Iskandar juga menegaskan bahwa Festival Bubur Suro ini tidak semata-mata menjadi ajang hiburan dan pelestarian budaya, tetapi juga menjadi momentum penting untuk memberdayakan masyarakat lokal, khususnya pelaku usaha kecil di Kelurahan Krapyak. Dalam pelaksanaannya, panitia festival melibatkan berbagai unsur masyarakat, mulai dari ibu-ibu PKK, kelompok karang taruna, hingga pelaku UMKM, sehingga tercipta suasana gotong-royong dan kebersamaan yang kental.
Dalam rangkaian acara Festival Bubur Suro, selain ada demo masak bubur suro, diisi juga dengan kegiatan pagelaran seni budaya, kirab budaya, lomba peragaan busana tingkat pelajar SD, lomba menggambar tingkat pelajar SD, workshop, festival kuliner, hingga expo UMKM.
“Kami ingin festival ini benar-benar membawa manfaat ekonomi dan sosial.

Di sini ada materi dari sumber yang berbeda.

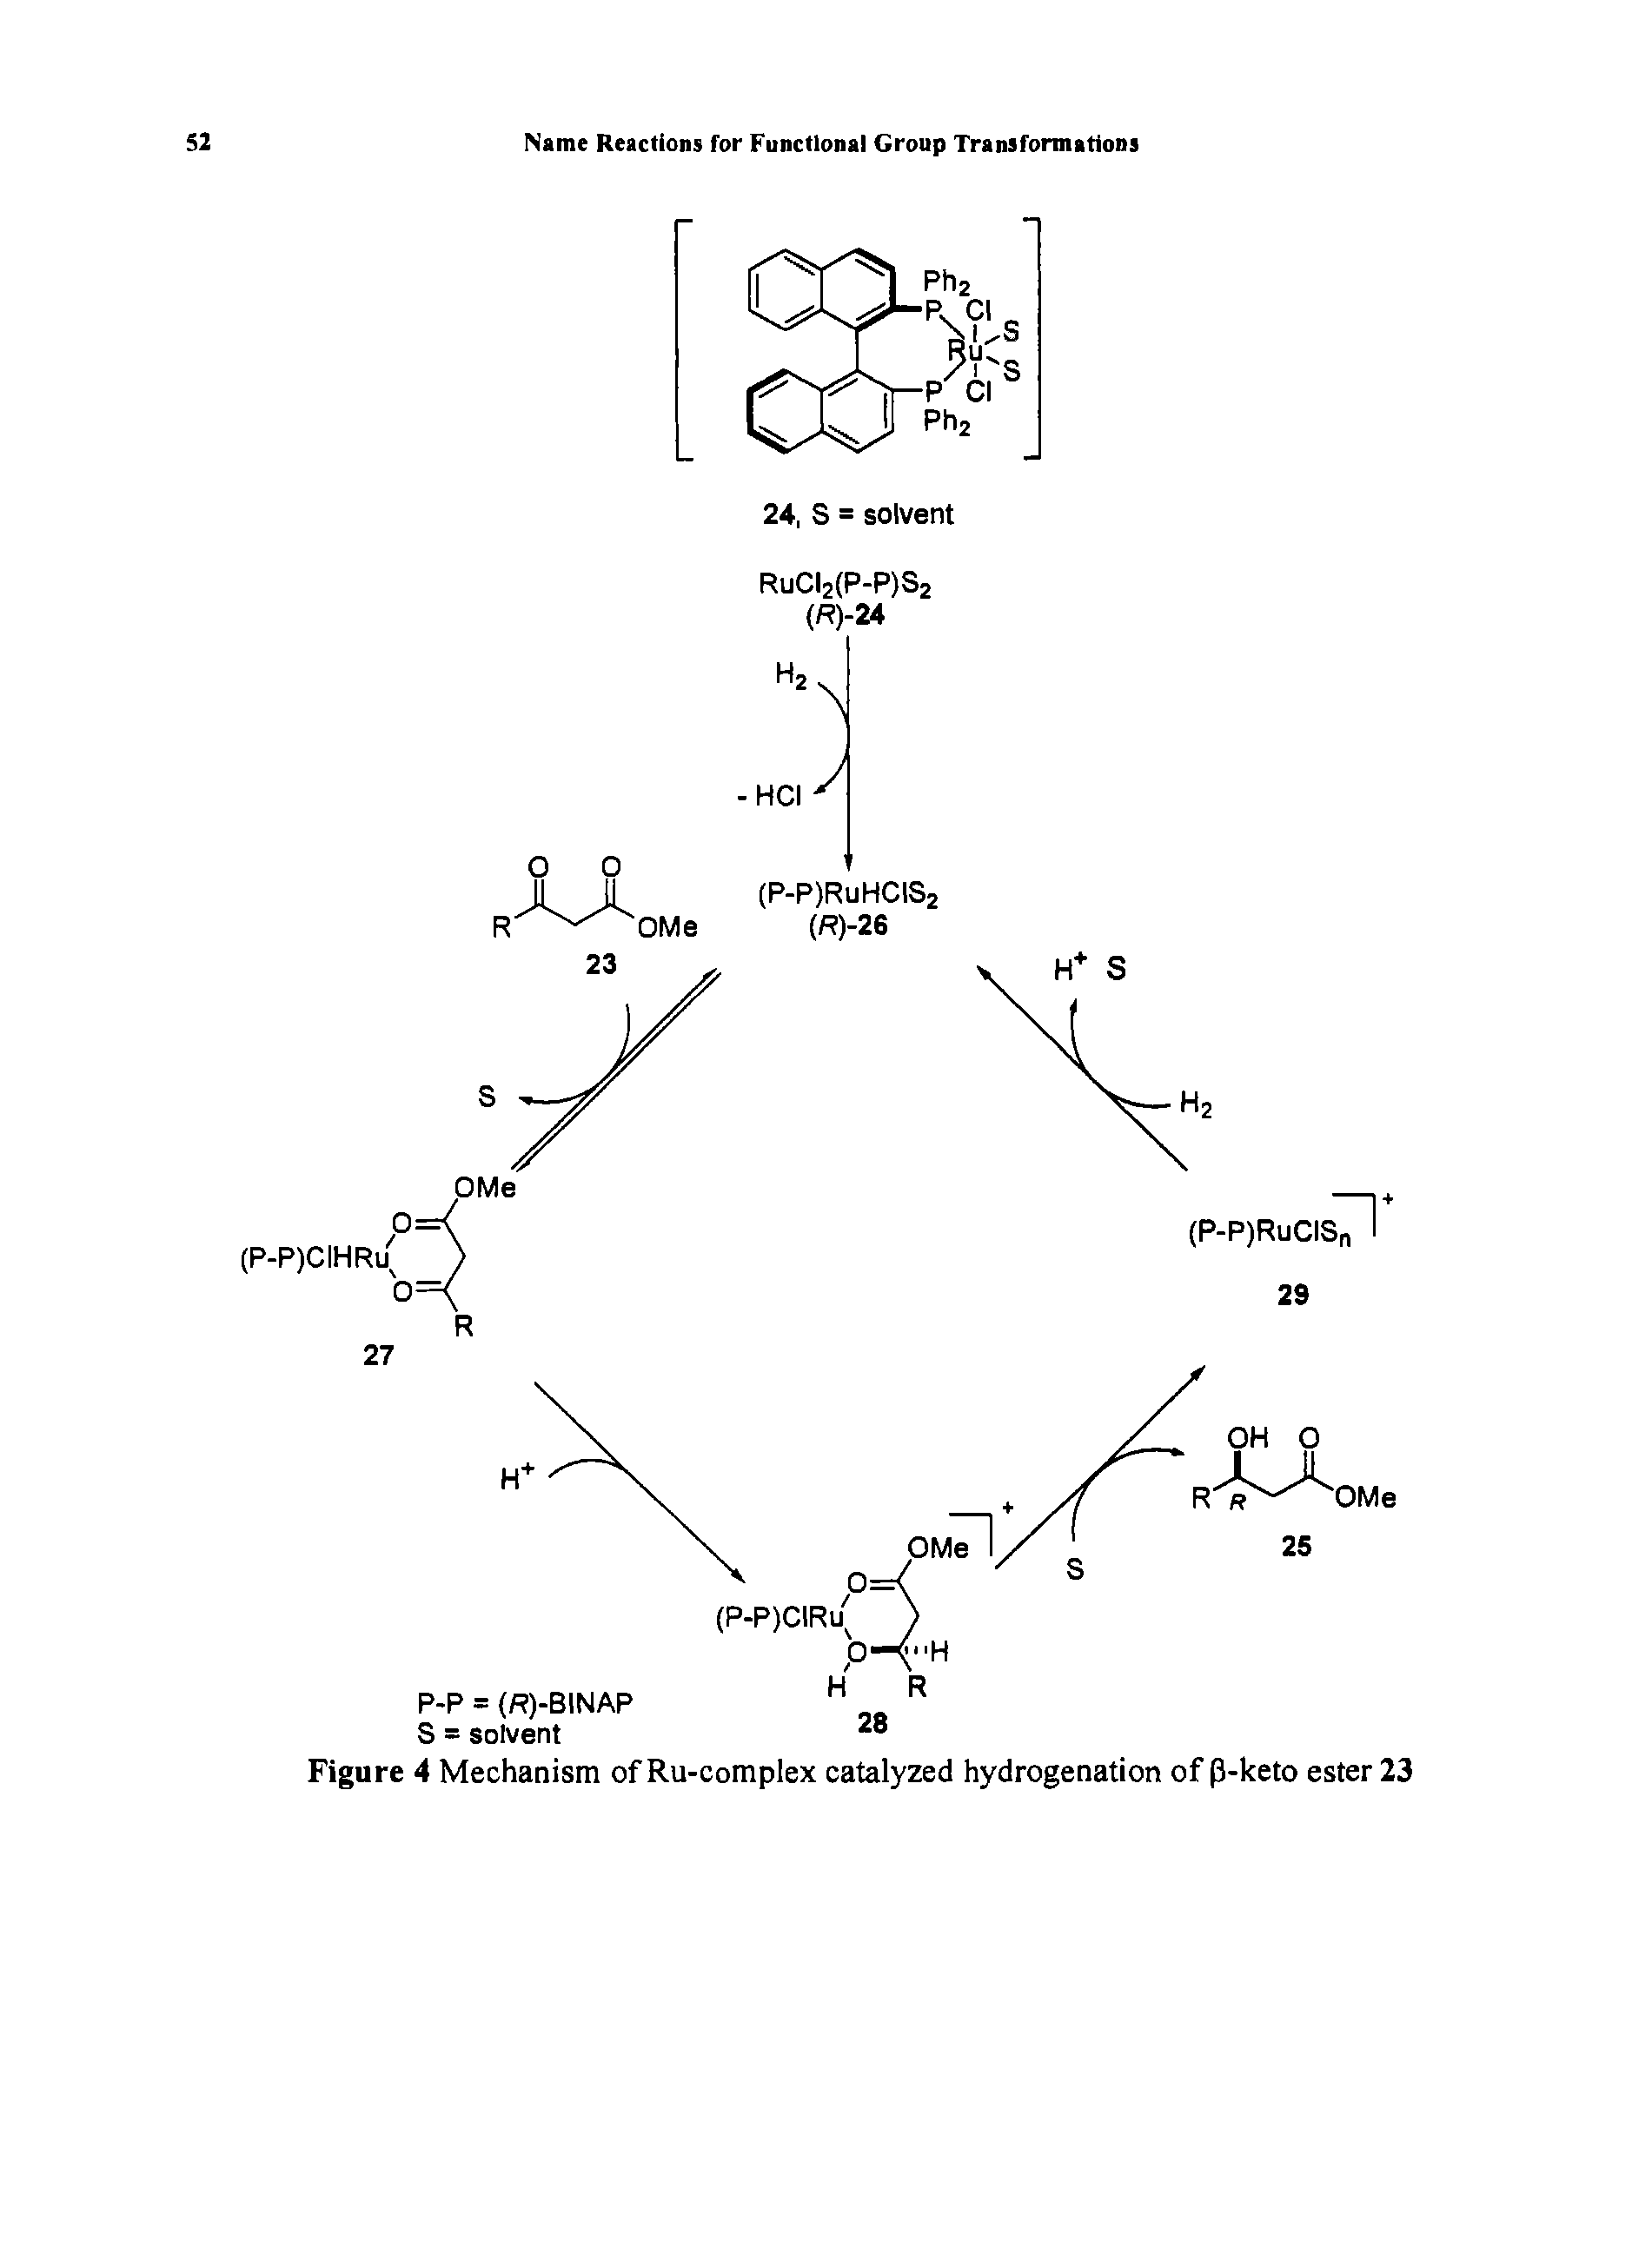 Figure 4 Mechanism ofRu-complex catalyzed hydrogenation of P-keto ester 23...

Warga Krapyak tidak hanya jadi penonton, tapi menjadi pelaku yang merasakan dampaknya,” tuturnya.
Festival Bubur Suro Krapyak setiap tahunnya selalu mendapat antusiasme tinggi dari masyarakat, baik dari dalam maupun luar Kota Pekalongan. Tradisi berbagi bubur suro sendiri merupakan bagian dari kearifan lokal yang memiliki makna syukur, kebersamaan, dan harapan akan keberkahan hidup. Bubur suro yang kaya rempah ini juga menjadi simbol keberagaman kuliner khas Kota Pekalongan yang patut dibanggakan.
Iskandar mengimbau kepada masyarakat yang akan menghadiri puncak Festival Bubur Suro nanti agar datang lebih awal, tertib, dan menjaga ketertiban selama acara berlangsung.
“Mari kita lestarikan budaya dan saling berbagi dalam suasana yang penuh kegembiraan dan kedamaian,” pungkasnya.